The site continued: “It is also one of the major signs of diabetes mellitus.
“When the kidneys filter blood to make urine, they reabsorb all of the sugar, returning it to the bloodstream.
“In diabetes, the level of sugar in the blood is abnormally high.
“Not all of the sugar can be reabsorbed and some of this excess glucose from the blood ends up in the urine where it draws more water.
“This results in unusually large volumes of urine.”
When it comes to needing to urinate, there is no normal amount of time in a day.
Frequent urination is usually defined as having to go more frequently than one would normally.
When this occurs, it is often a sign that something is not quite right.
Urinating more often than normal does not always signal type 2 diabetes and could be a result of a number of different factors.

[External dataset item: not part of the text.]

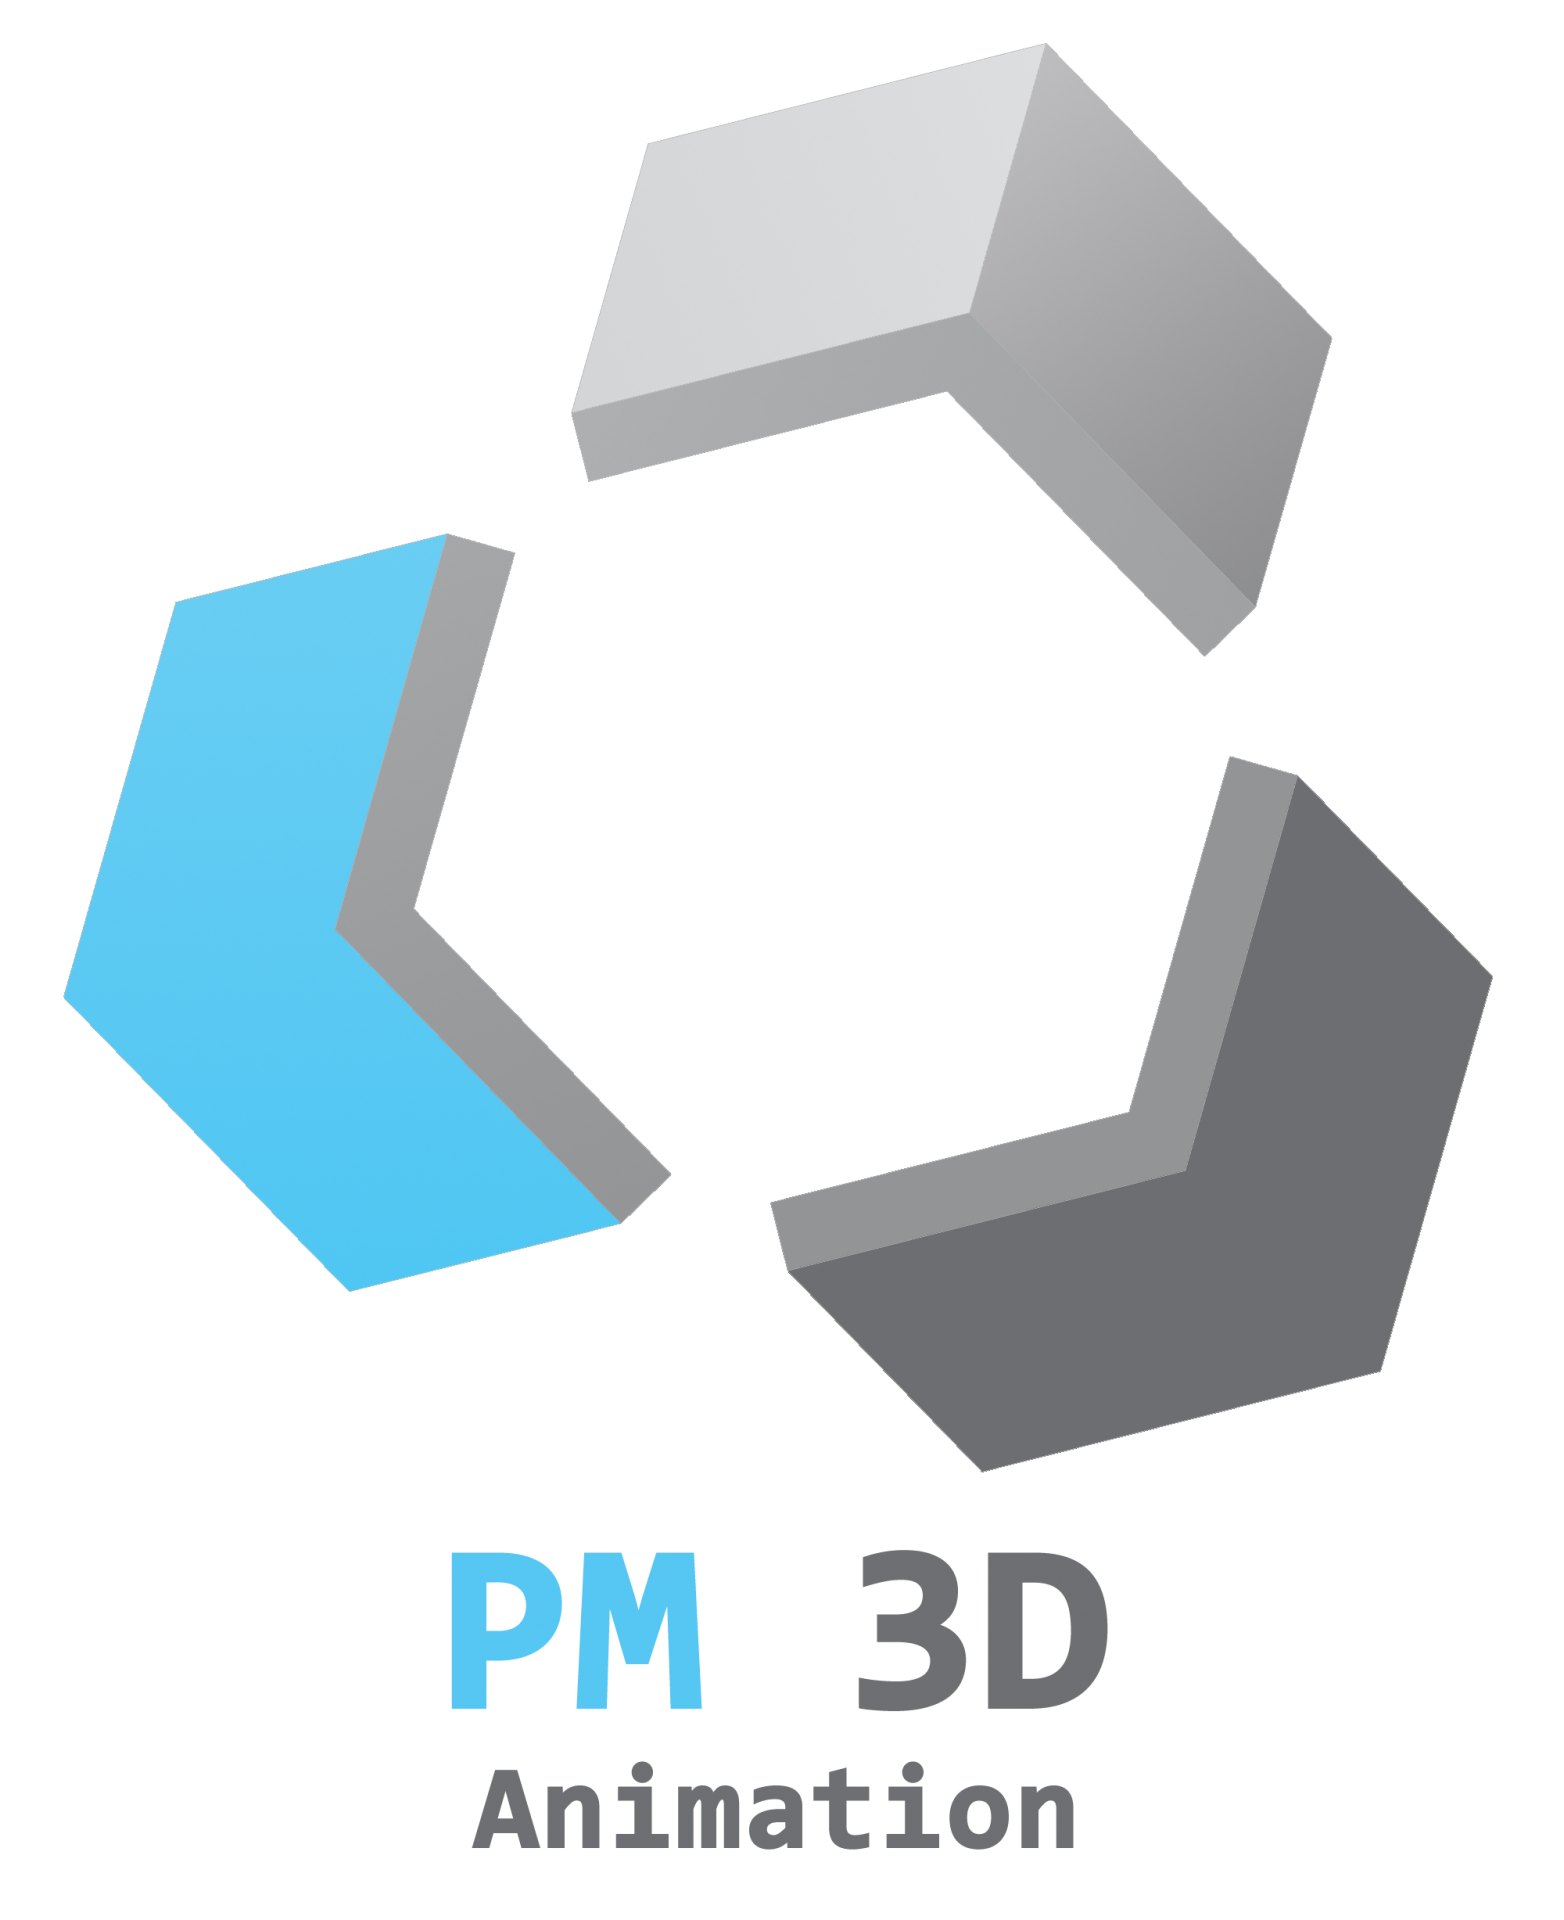 PM 3D Animation

Some other possible explanations for this increased need to urinate could be a kidney infection, an overactive bladder or a urinary tract infection.
Treating bladder problems resulting from type 2 diabetes is best approached by treating the condition itself.
By monitoring fluid intake or scheduling bathroom trips will not solve the major problem which is too much blood sugar in the body.
A GP will be able to come up with a treatment plan to help lower blood sugar levels.
Monitoring one’s diet and ensuring some form of regular physical activities is often one of the best ways to help lower your blood sugar and therefore less urination.